Bu Chao, Zhang Mengdi, Sun Qihua, Zhang Hanxi, Luo Jing, Liu Qingyu, Sun Zhonghua, Li Yu
Department of Radiology, The Seventh Affiliated Hospital of Sun Yat-sen University, Shenzhen, China.
Discipline of Medical Radiation Science, Curtin Medical School, Curtin University, Perth, Australia.
Quant Imaging Med Surg. 2024 Aug 1;14(8):6147-6160. doi: 10.21037/qims-24-462. Epub 2024 Jul 17.
Pulmonary artery aneurysm (PAA) is a rare pulmonary vascular disease with nonspecific symptoms and various etiologies. As the disease progresses, in addition to the dilation of the pulmonary arteries, it may be accompanied by remodeling of the cardiac structure and changes in the morphology of the aorta. Recognizing the cause of PAA is therefore a clinically challenging task. In this review article, we provide an overview of various causes of PAA with the support of corresponding imaging findings on computed tomography pulmonary angiography (CTPA) examination. Firstly, from the perspective of hemodynamics, a logical diagnosis is provided according to whether the main pulmonary artery (MPA) is dilated, and whether the PA is dilated locally or diffusely. Secondly, for the imaging examination of vascular wall lesions, due to the limitations of ultrasound examination and interventional procedures, the irreplaceability of dual-phase CTPA examination in disease assessment is especially emphasized.
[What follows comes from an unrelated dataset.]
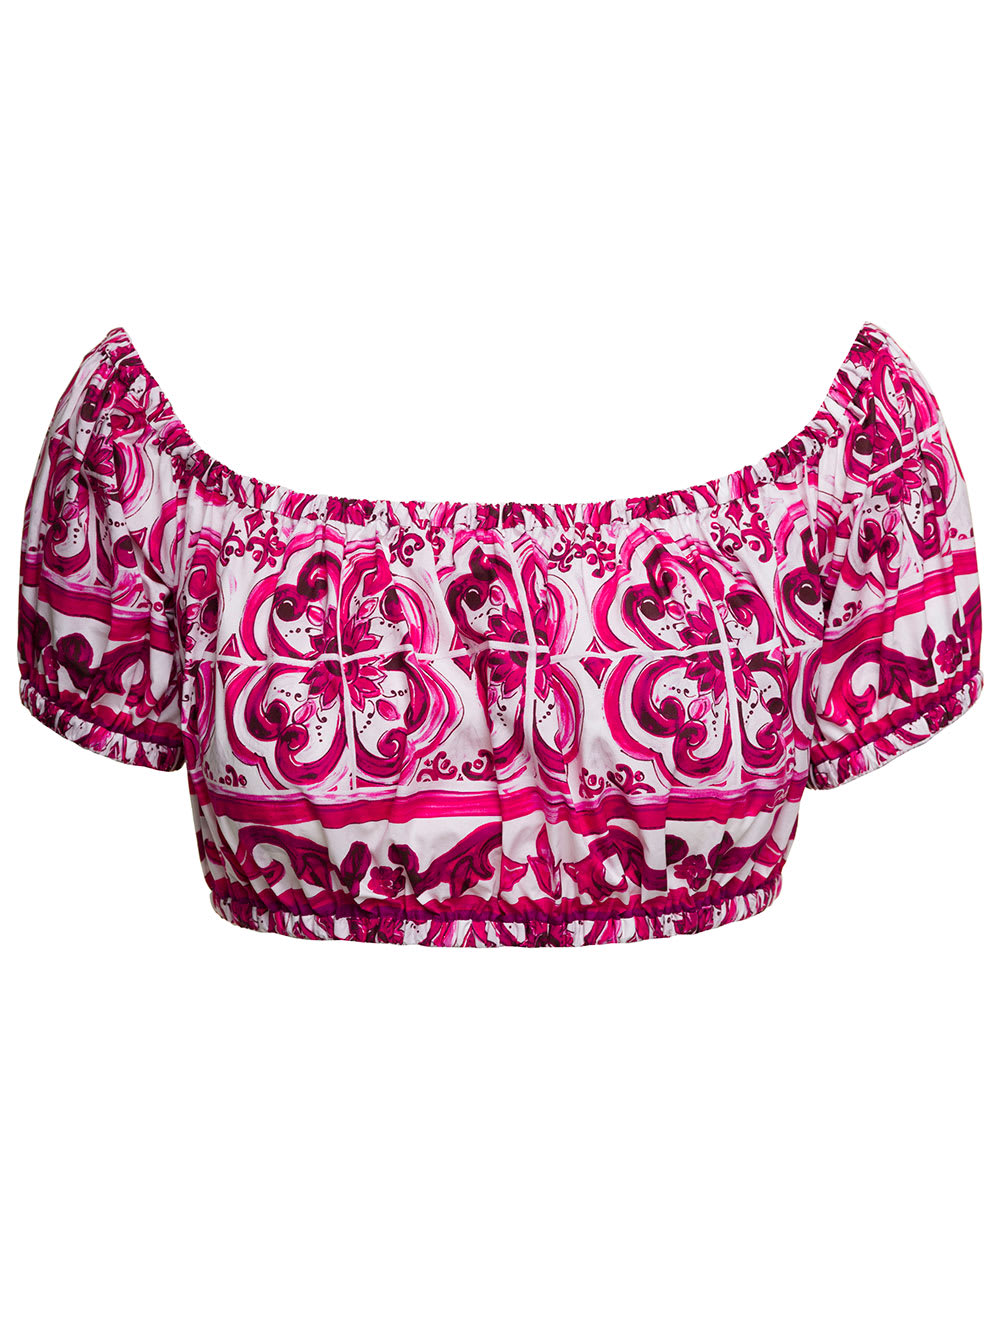 DOLCE & GABBANA FUCHSIA AND WHITE CROPPED TOP WITH BARDOT NECKLINE AND MAJOLICA PRINT IN COTTON WOMAN

Finally, for highly suspected disorders, it is necessary to comprehensively check with the patient whether there is a family history or past medical history. For patients with PAA, especially those with Marfan syndrome (MFS) or arteritis, adequate preoperative imaging evaluation, regular postoperative radiographic follow-up, and concurrent treatment of the underlying disease (if necessary) are crucial, which are related to the prognosis and long-term quality of life of such patients. Despite the nonspecific features of PAA presentation, a thorough examination of the patient's clinical history and imaging characteristics will play an important role in diagnosing PAA and planning patient management strategies.
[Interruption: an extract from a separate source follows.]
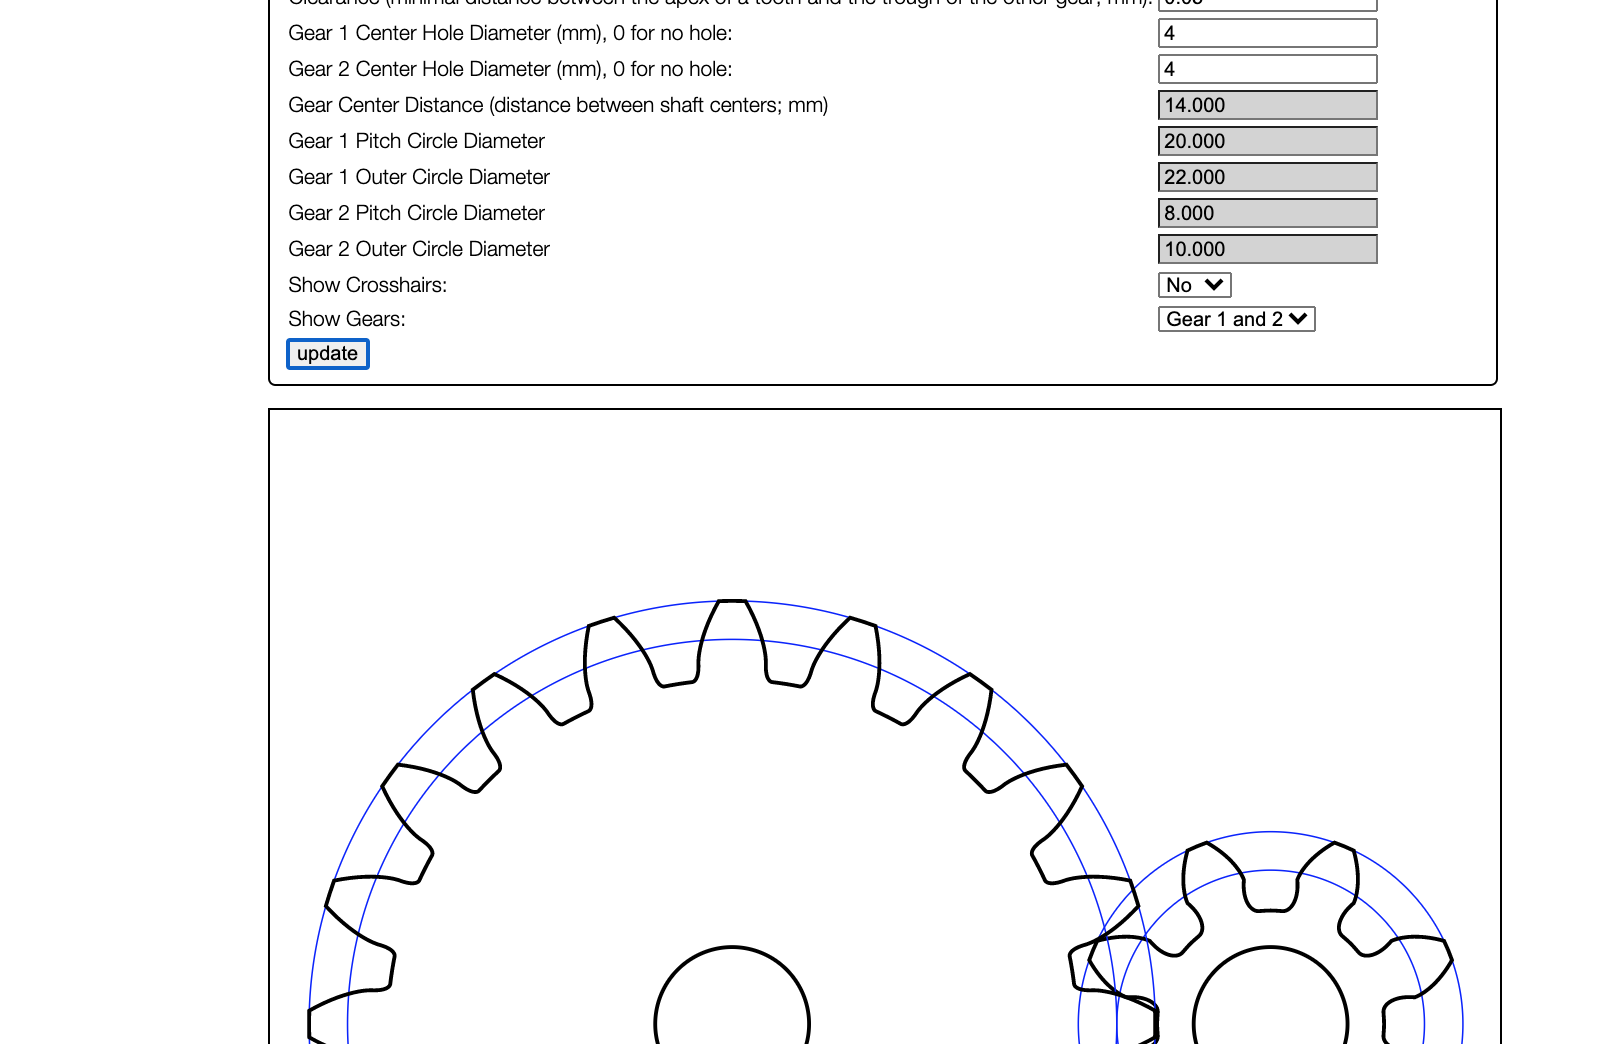 Spur Gears - Geometry of spur gears and gear meshes

肺动脉瘤(PAA)是一种罕见的肺血管疾病,症状不具有特异性,病因多样。随着病情进展,除肺动脉扩张外,还可能伴有心脏结构重塑及主动脉形态改变。因此,明确PAA的病因是一项具有临床挑战性的任务。在这篇综述文章中,我们借助计算机断层扫描肺动脉造影(CTPA)检查的相应影像学表现,概述了PAA的各种病因。首先,从血流动力学角度,根据主肺动脉(MPA)是否扩张、肺动脉是局部扩张还是弥漫性扩张进行逻辑诊断。其次,对于血管壁病变的影像学检查,由于超声检查和介入操作的局限性,特别强调双期CTPA检查在疾病评估中的不可替代作用。最后,对于高度疑似的疾病,有必要全面询问患者是否有家族史或既往病史。对于PAA患者,尤其是患有马凡综合征(MFS)或动脉炎的患者,充分的术前影像学评估、术后定期的影像学随访以及必要时对基础疾病的同时治疗至关重要,这关系到此类患者的预后和长期生活质量。尽管PAA的表现缺乏特异性,但对患者临床病史和影像学特征进行全面检查,将对PAA的诊断及制定患者管理策略发挥重要作用。